Information about the estimation results and options used is stored in the `Report` property of the model. `Report` has the following fields.

Report FieldDescription
`Status`

Summary of the model status, which indicates whether the model was created by construction or obtained by estimation.

`Method`

Estimation command used.

`InitialCondition`

Handling of initial conditions during model estimation, returned as one of the following values:

• `'zero'` — The initial conditions were set to zero.

• `'estimate'` — The initial conditions were treated as independent estimation parameters.

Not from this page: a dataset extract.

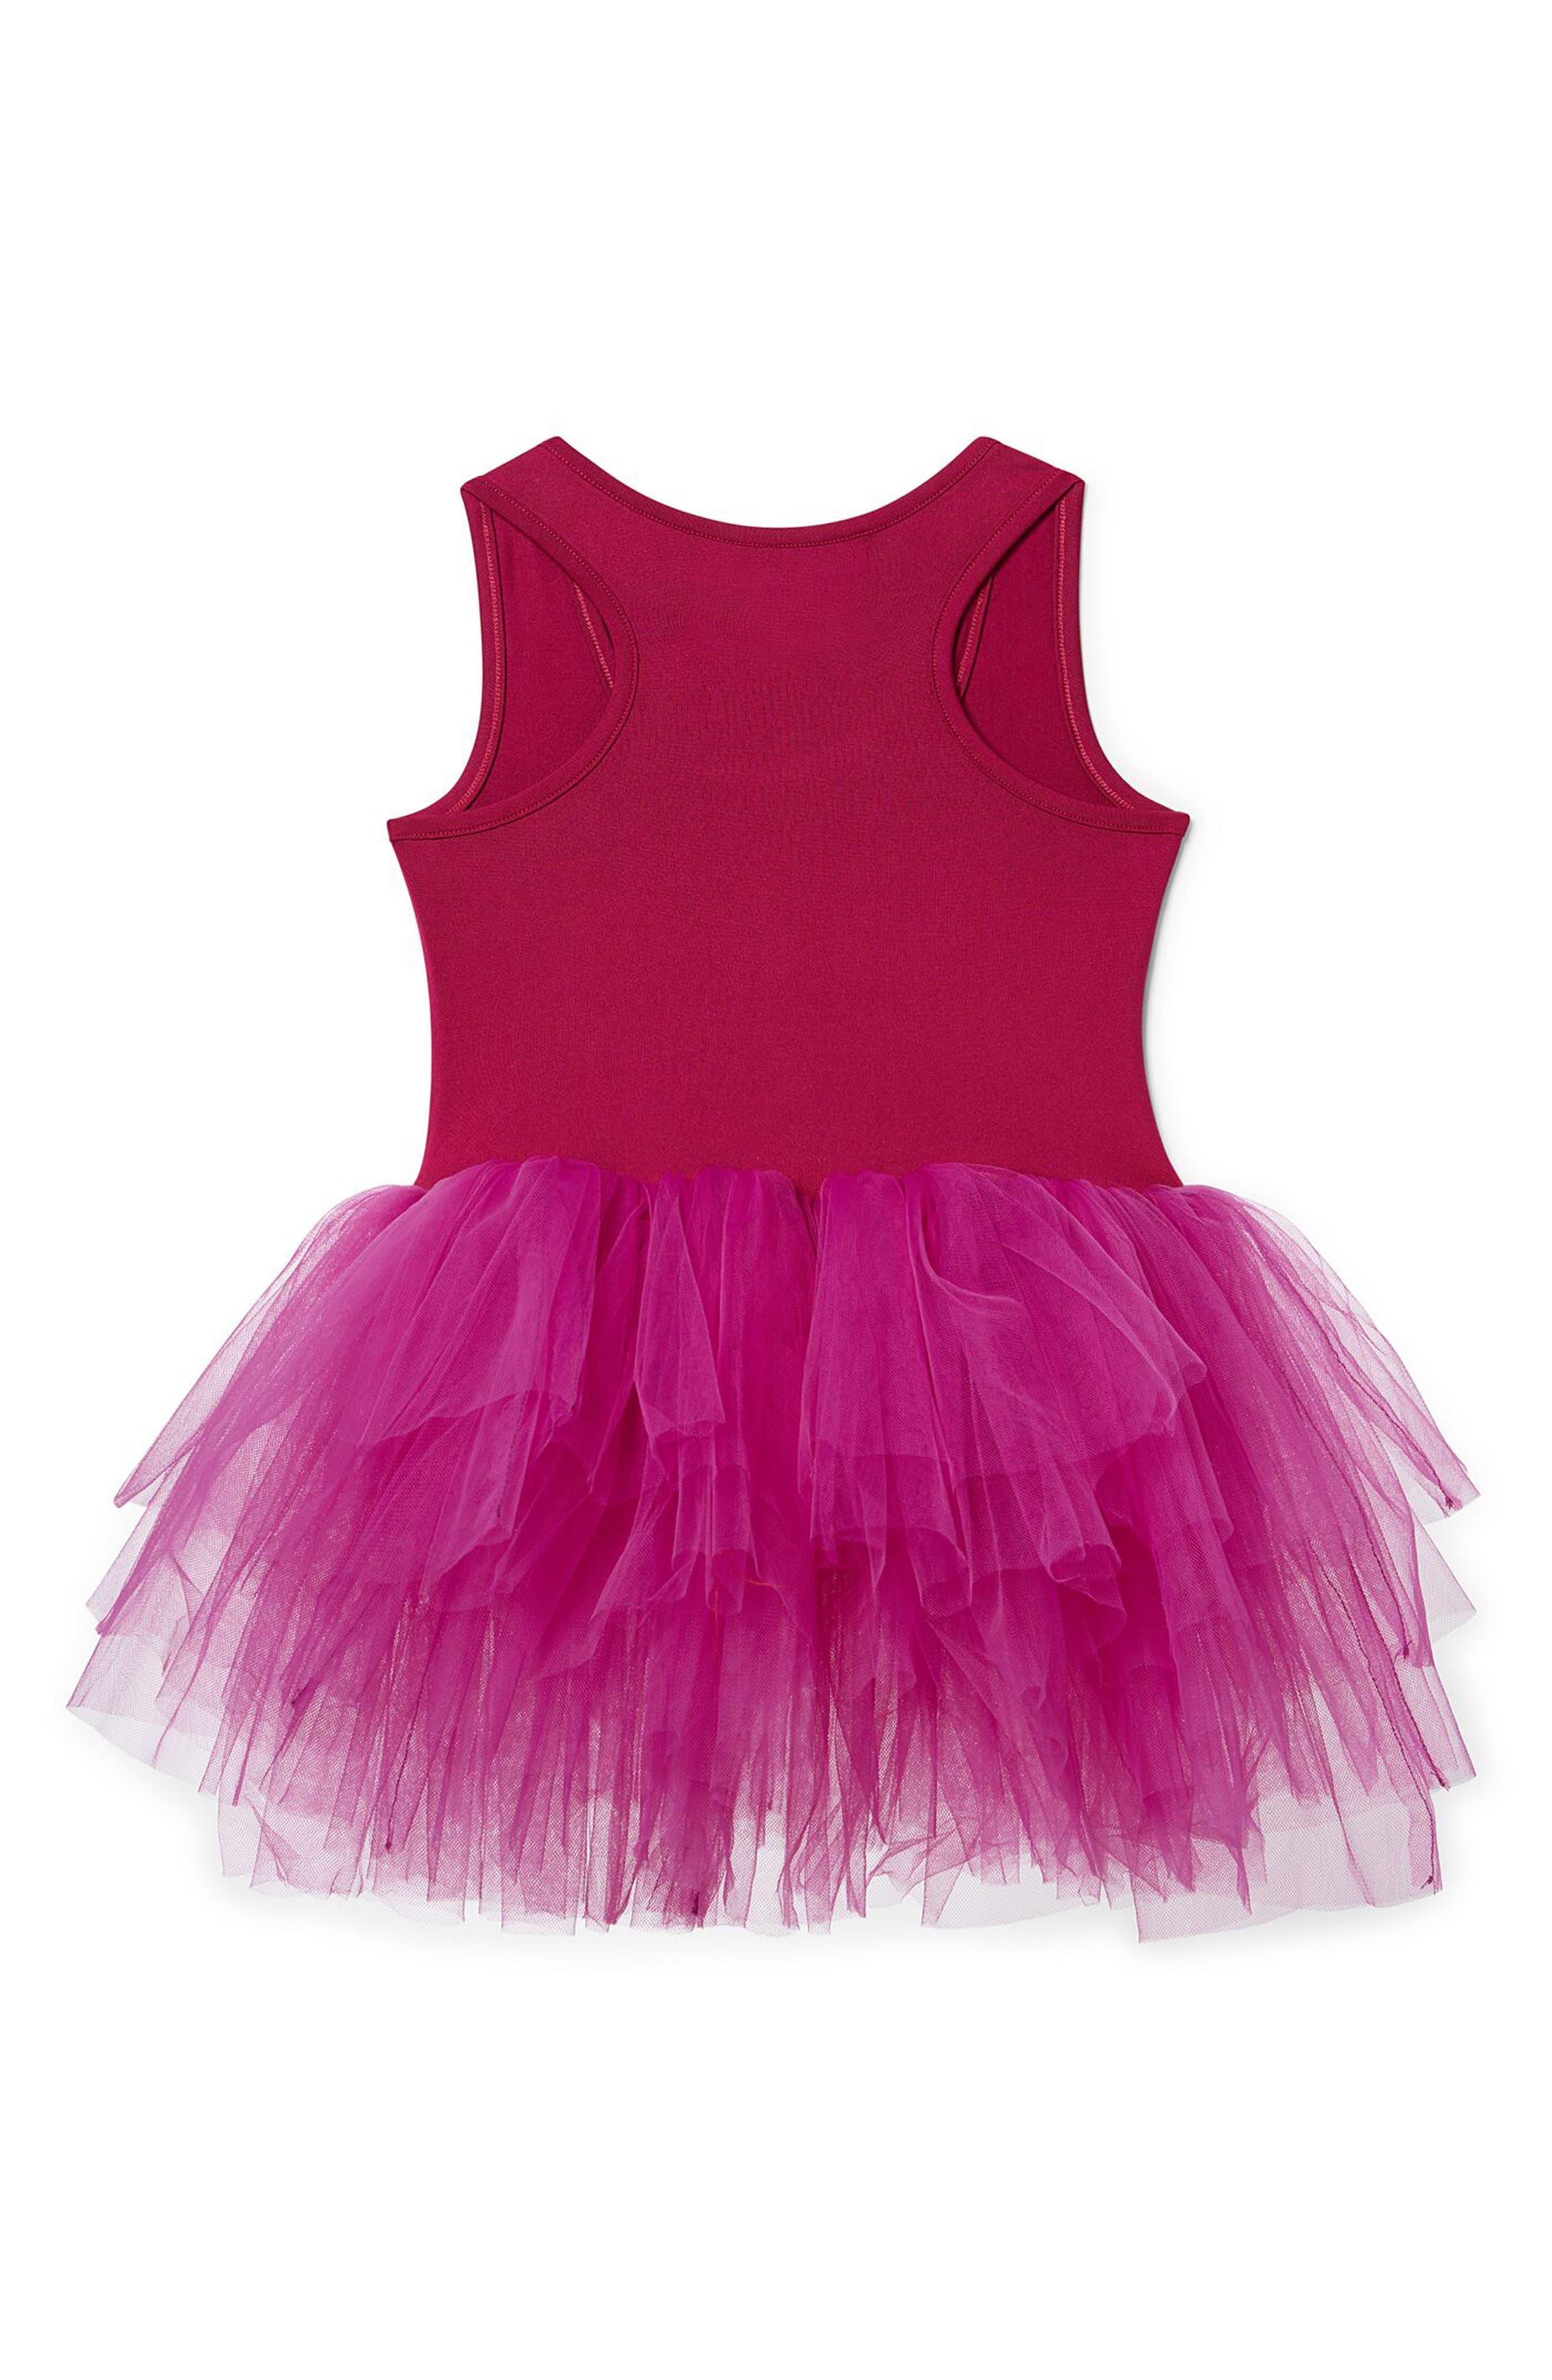 Tutu Dress,                             Alternate thumbnail 2, color,                             650

This field is especially useful to view how the initial conditions were handled when the `InitialCondition` option in the estimation option set is `'auto'`.

`Fit`

Quantitative assessment of the estimation, returned as a structure. See Loss Function and Model Quality Metrics for more information on these quality metrics. The structure has the following fields:

FieldDescription
`FitPercent`

Normalized root mean squared error (NRMSE) measure of how well the response of the model fits the estimation data, expressed as a percentage.

`LossFcn`

Value of the loss function when the estimation completes.

`MSE`

Mean squared error (MSE) measure of how well the response of the model fits the estimation data.

`FPE`

Final prediction error for the model.

`AIC`

Raw Akaike Information Criteria (AIC) measure of model quality.

`AICc`

Small sample-size corrected AIC.

`nAIC`

Normalized AIC.

`BIC`

Bayesian Information Criteria (BIC).

`Parameters`

Estimated values of model parameters.

`OptionsUsed`

Option set used for estimation. If no custom options were configured, this is a set of default options. See `arxOptions` for more information.

`RandState`

State of the random number stream at the start of estimation. Empty, `[]`, if randomization was not used during estimation. For more information, see `rng` in the MATLAB® documentation.

`DataUsed`

Attributes of the data used for estimation, returned as a structure with the following fields:

FieldDescription
`Name`

Name of the data set.

`Type`

Data type.

`Length`

Number of data samples.

`Ts`

Sample time.

`InterSample`

Input intersample behavior, returned as one of the following values:

• `'zoh'` — Zero-order hold maintains a piecewise-constant input signal between samples.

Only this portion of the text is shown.